What does ReadAheadSize property do?

BlobStream.ReadAheadSize is used to define how many extra bytes to prefetch in a get blob request when BlobStream.Read() is called. This design is suppose to ensure that the storage client library does not need to send another request to the blob service if BlobStream.Read() is called again to read N bytes from the current position, where N < BlobStream.ReadAheadSize. It is an optimization for reading blobs in the forward direction, which reduces the number of the get blob requests to the blob service when reading a Blob.

This bug impacts users only if their scenario involves rewinding the stream to read, i.e. using Seek operation to seek to a position BlobStream.ReadAheadSize bytes less than the previous byte offset.

The root cause of this issue is that the number of bytes to read is incorrectly calculated in the storage client library when the stream position is rewound by N bytes using Seek, where N <=BlobStream.ReadAheadSize bytes away from the previous read’s start offset. (Note, if the stream is rewound more than BlobStream.ReadAheadSize bytes away from the previous start offset, the stream reads work as expected.)

To understand this issue better, let us explain this using an example of user code that exhibits this bug.

We begin with getting a BlobStream that we can use to read the blob, which is 16MB in size.

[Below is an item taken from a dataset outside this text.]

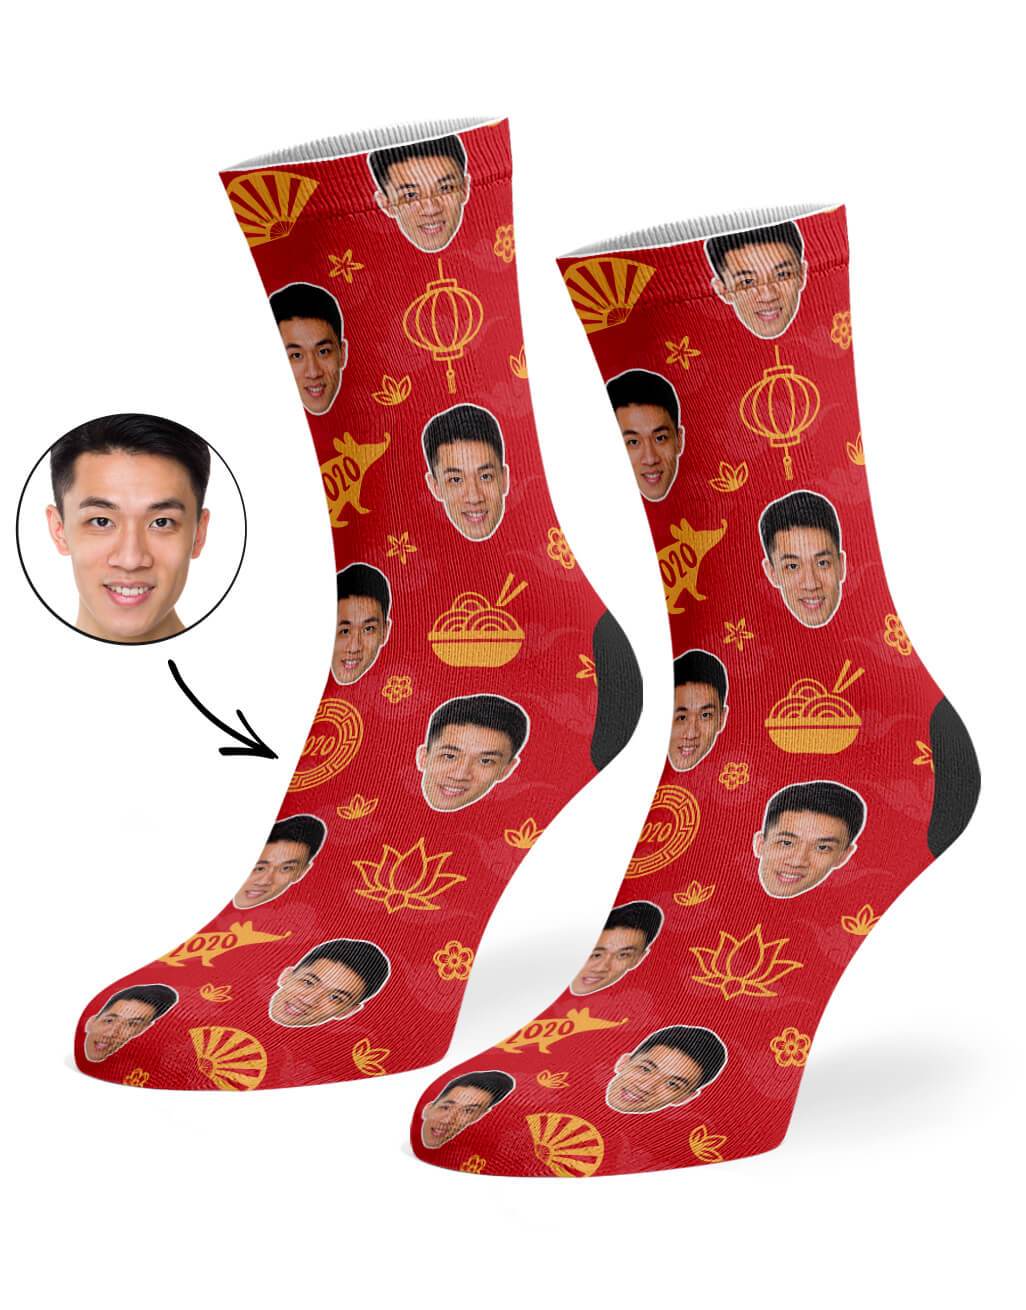 2020 Chinese New Year Custom Socks

We set the ReadAheadSize to 16 bytes. We then seek to offset 100 and read 16 bytes of data. :

 BlobStream stream = blob.OpenRead();
stream.ReadAheadSize = 16;
int bufferSize = 16;
int readCount;
byte[] buffer1 = new byte[bufferSize];
stream.Seek(100, System.IO.SeekOrigin.Begin);
readCount = stream.Read(buffer1, 0, bufferSize);

BlobStream.Read() works as expected in which buffer1 is filled with 16 bytes of the blob data from offset 100. Because of ReadAheadSize set to 16, the Storage Client issues a read request for 32 bytes of data as seen in the request trace as seen in the “x-ms-range” header set to 100-131 in the request trace. The response as we see in the content-length, returns the 32 bytes:

Request and response trace:

Request header:
GET https://foo.blob.core.windows.net/test/blob?timeout=90 HTTP/1.1
x-ms-version: 2009-09-19
User-Agent: WA-Storage/0.0.0.0
x-ms-range: bytes=100-131

Response header:
HTTP/1.1 206 Partial Content
Content-Length: 32
Content-Range: bytes 100-131/16777216
Content-Type: application/octet-stream

We will now rewind the stream to 10 bytes away from the previous read’s start offset (previous start offset was at 100 and so the new offset is 90). It is worth noting that 10 is < ReadAheadSize which exhibits the problem (note, if we had set the seek to be > ReadAheadSize back from 100, then everything would work as expected). We then issue a Read for 16 bytes starting from offset 90.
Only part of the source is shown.